Research output: Chapter in Book/Report/Conference proceedingChapter

2 Citations (Scopus)

Abstract

Introduction: Coronary artery disease represents the most important cause of out-of-hospital cardiac arrest. Immediate coronary angiography in patients after reestablishment of spontaneous circulation demonstrated angiographic evidence of coronary artery disease in 80% of patients, with the majority (90%) having significant obstructive stenoses of one or more coronary arteries. Experimental animal models have shown that coronary obstructions have a profound effect on the utility of cardiopulmonary resuscitation to perfuse the myocardium during cardiac arrest.
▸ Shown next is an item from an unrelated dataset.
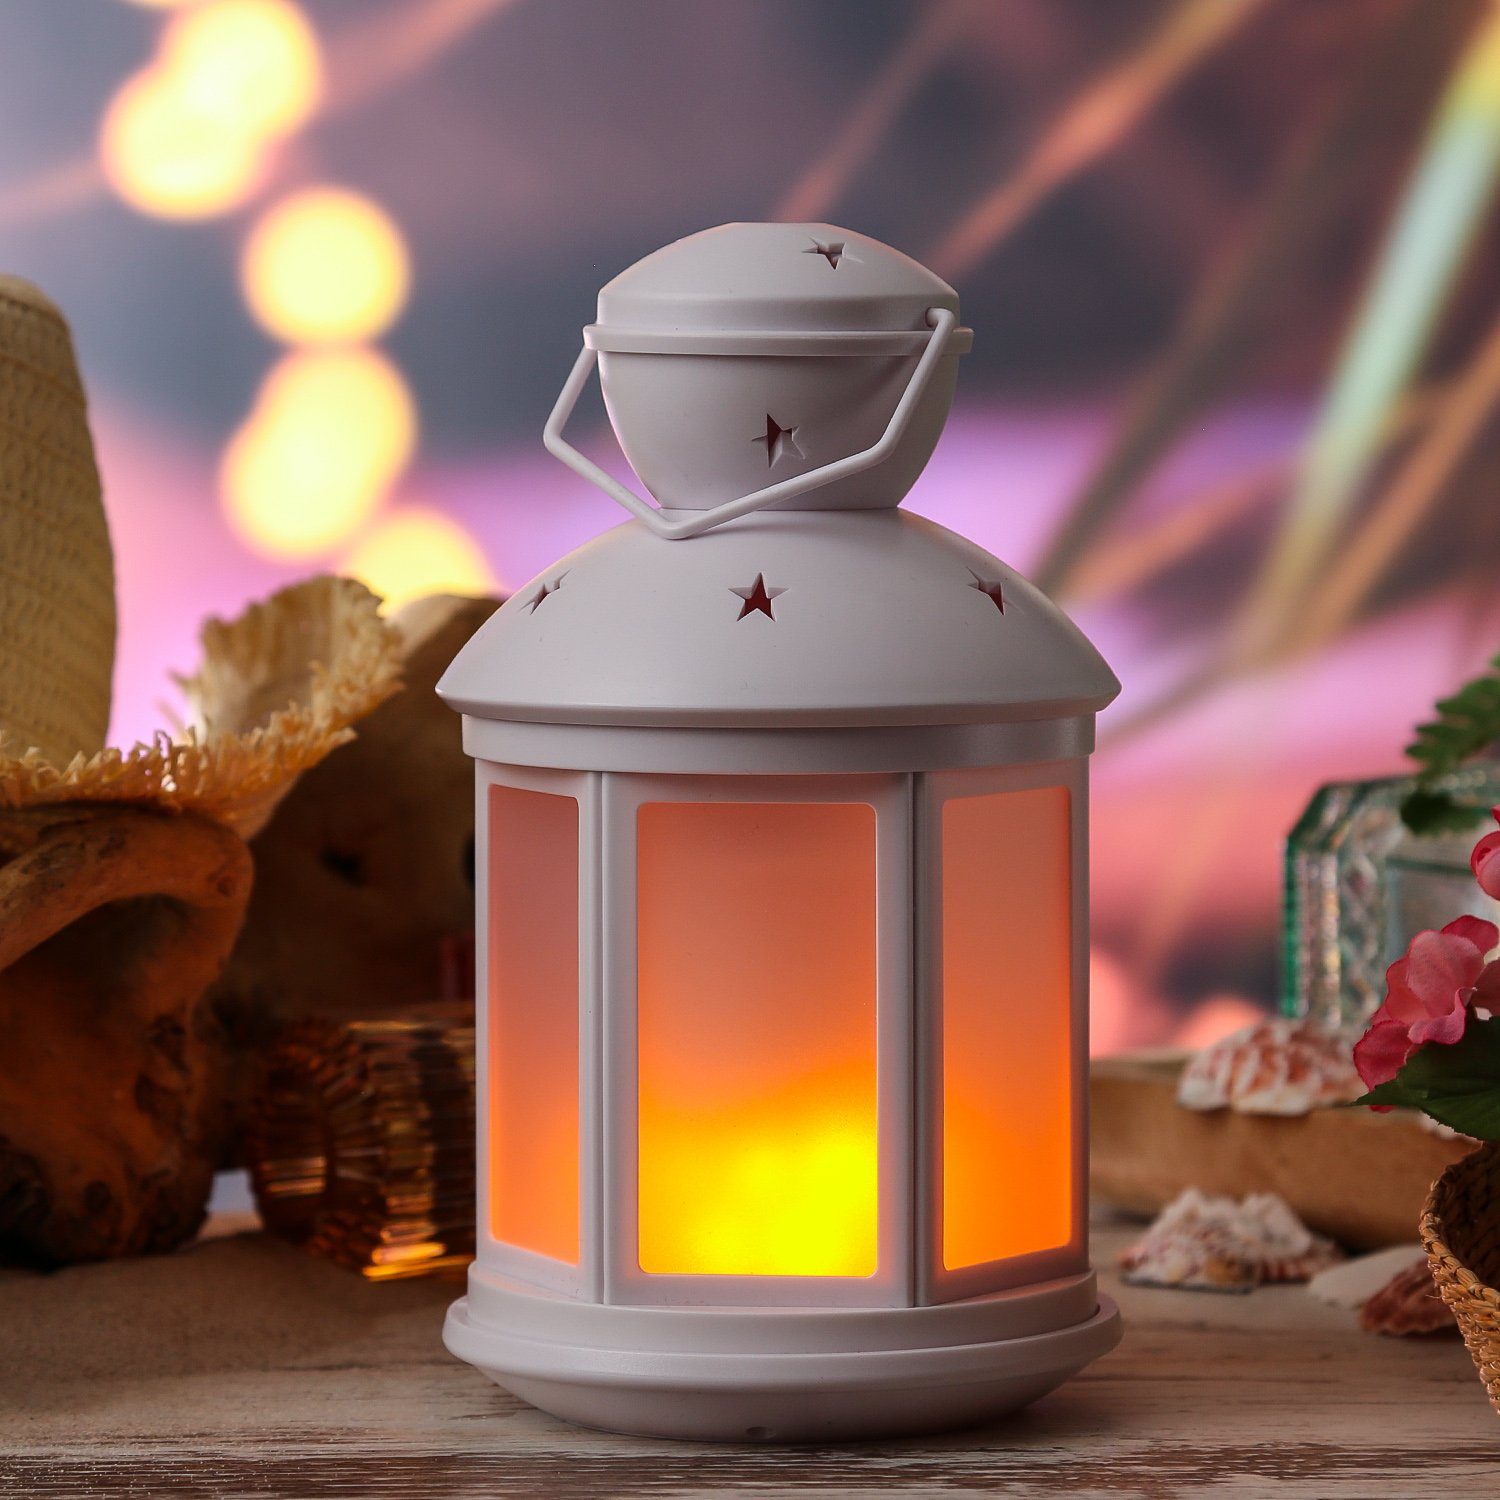 Dekolaterne LED MARELIDA amber LED flackernd 22cm mit Laterne weiß, Classic, LED Laterne Flammeneffekt

We found that coronary diameter stenoses as little as 33% decreased distal perfusion by more than half (see Chapter 18 for more details). Postmortem examinations of sudden cardiac death victims indicate that unstable plaque with associated coronary thrombosis may be documented in more than 80% of the cases. Accordingly, acute coronary thrombotic events leading to critical narrowing or complete coronary obstruction and possibly distal microembolization may be a main trigger of sudden arrhythmic cardiac arrest. Current strategy for management of acute coronary syndromes: Acute coronary syndrome (ACS), based on 12-lead electrocardiogram, is traditionally divided into evolving ST segment elevation acute myocardial infarction (STEMI) and unstable angina/non-ST elevation myocardial infarction (UA/NSTEMI) (Fig. 42.1). More than 90% of the patients with STEMI have a complete thrombotic occlusion of the epicardial part of one of the coronary arteries without adequate collateral flow to the distal part of the affected artery. The mechanisms of coronary obstruction in patients with UA/NSTEMI are more heterogeneous.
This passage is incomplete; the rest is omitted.